В тени шлема лицо короля казалось болезненно измученным.

— Вильгельма все еще нет, — бормотал он и теребил свою бороду. — Странно, клянусь Богоматерью, странно! Почему он не встречает меня на границе? Почему он сдает земли Нормандии без боя? Ведь он такой гордый!

— Он отступил в Руан, сир, — предположил граф Сен-Поль. — Разве такой трус, как он, осмелится встретиться лицом к лицу с вами? Если принц Юдас поторопится к Руану, то мы вместе сотрем Бастарда в порошок.

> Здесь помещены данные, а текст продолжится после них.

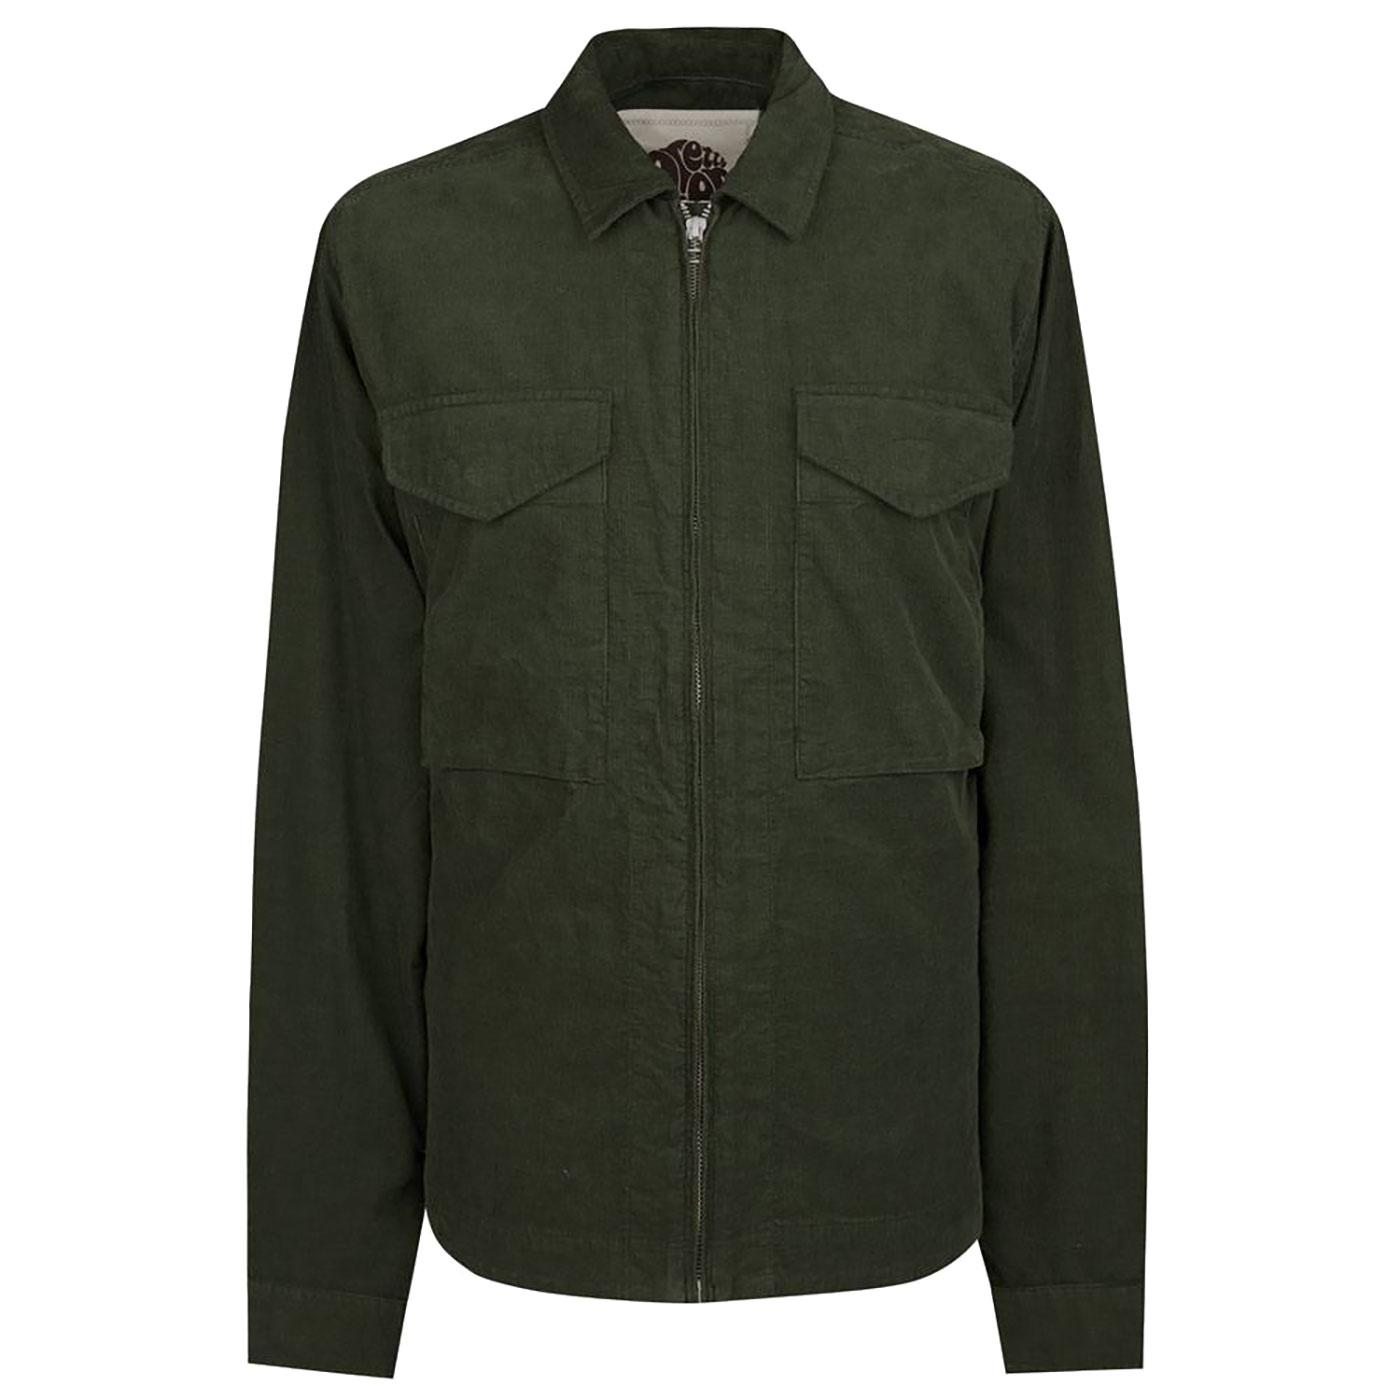 PRETTY GREEN Retro Zip Up Cord Overshirt Jacket

О, если бы король знал, что нормандской армии нет и в Руане! К востоку от Сены, среди холмов Дримкура, скрывался старый Хью де Гурне, следя за кострами на юге, свидетельствовавшими о медленном продвижении принца Юдаса. Вниз по реке Андель шпионы графа Роберта Ю день за днем приносили ему все новые и новые сведения, а воины из Таллу в это время злились и кляли на чем свет стоит эту выжидательную тактику, но тем временем вострили мечи. Принц Юдас форсировал реку Эпт вброд, его войска шли вперед в полной боевой готовности, оставляя на своем пути кровь и слезы, и волоча на себе награбленное.

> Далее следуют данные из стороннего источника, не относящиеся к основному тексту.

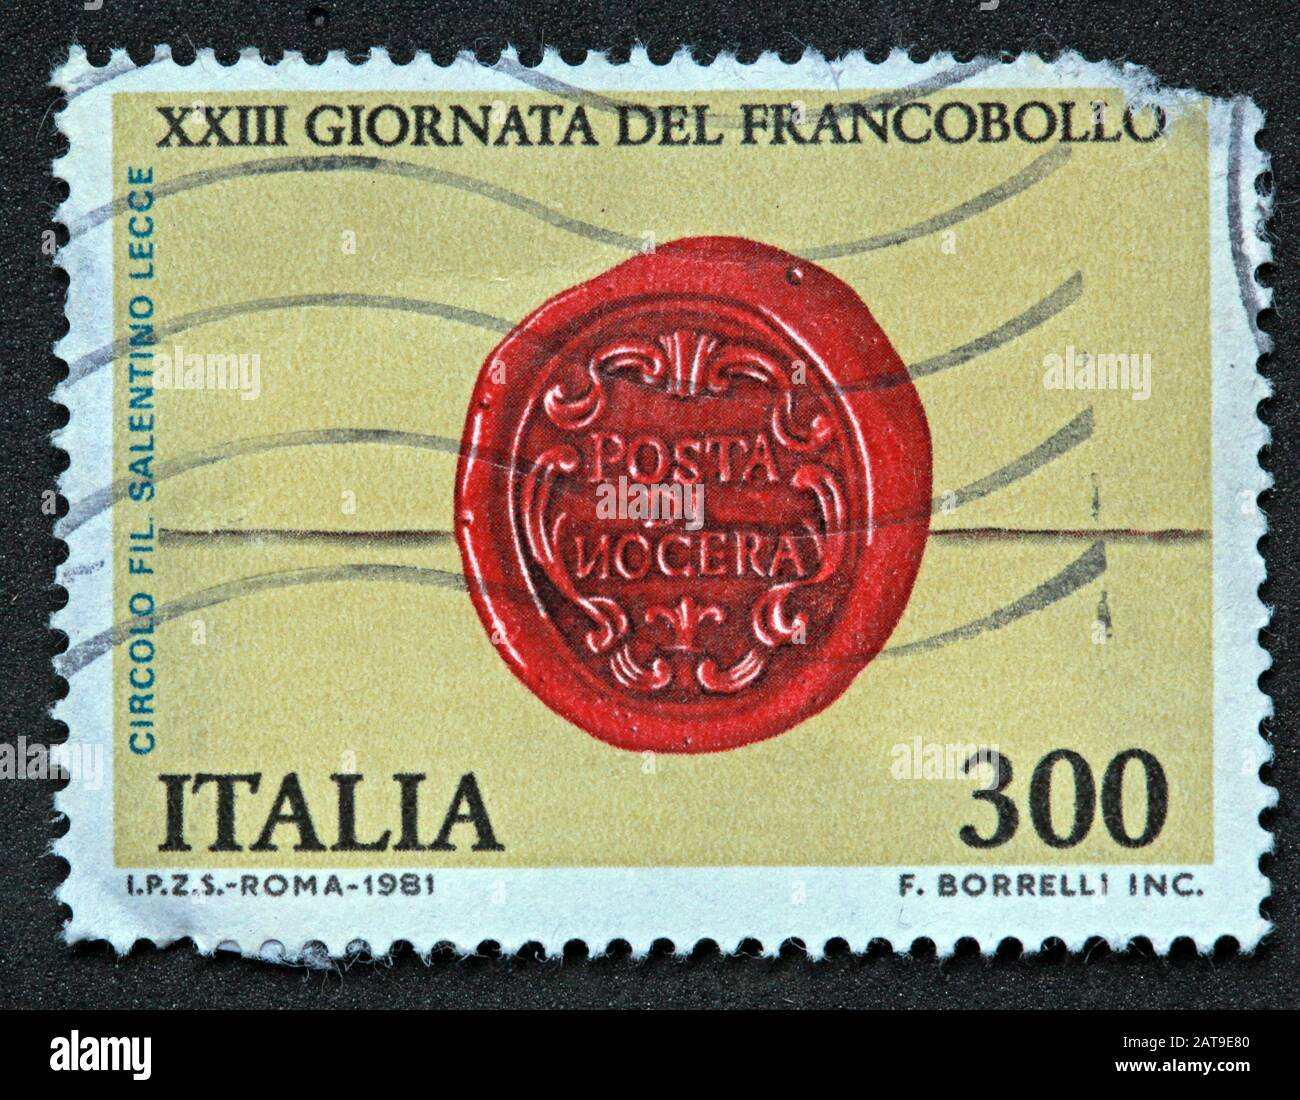 Dieses Stockfoto: Italienische Briefmarke, poste Italia verwendete und frankierte Briefmarke, Italia 300lire Roma 1981 f. Borrelli Inc. - XXIII Giornata Del Francobollo - 2AT9E8

Поведение герцога Вильгельма беспокоило продолжающего наступать к западу от Сены короля. Французские войска были опьянены легким успехом. Не успевших сбежать мужчин они рубили мечами, застигнутых врасплох женщин насиловали. Только немногие догадывались, что бароны Вильгельма рвались освободиться от узды, которую он держал железной рукой. Крестьянин сам по себе мало что значил, пока его не начинал притеснять иноземный тиран, но раз уж такое случалось, то мечи нормандских сеньоров были наготове, чтобы защищать принадлежащее им до последней капли крови. Они-то могли притеснять своих подданных, как хотели, но ни один чужак не смел в Нормандии и пальцем коснуться ни свободного человека, ни раба. А французский король осмелился. Вельможи уже бы обрушились на него — и здесь и там, даже виконт Котантен, который поклялся следовать за Вильгельмом хоть к черту в пасть, считал его сумасшедшим за то, что он до сих пор удерживал свои войска от нанесения удара.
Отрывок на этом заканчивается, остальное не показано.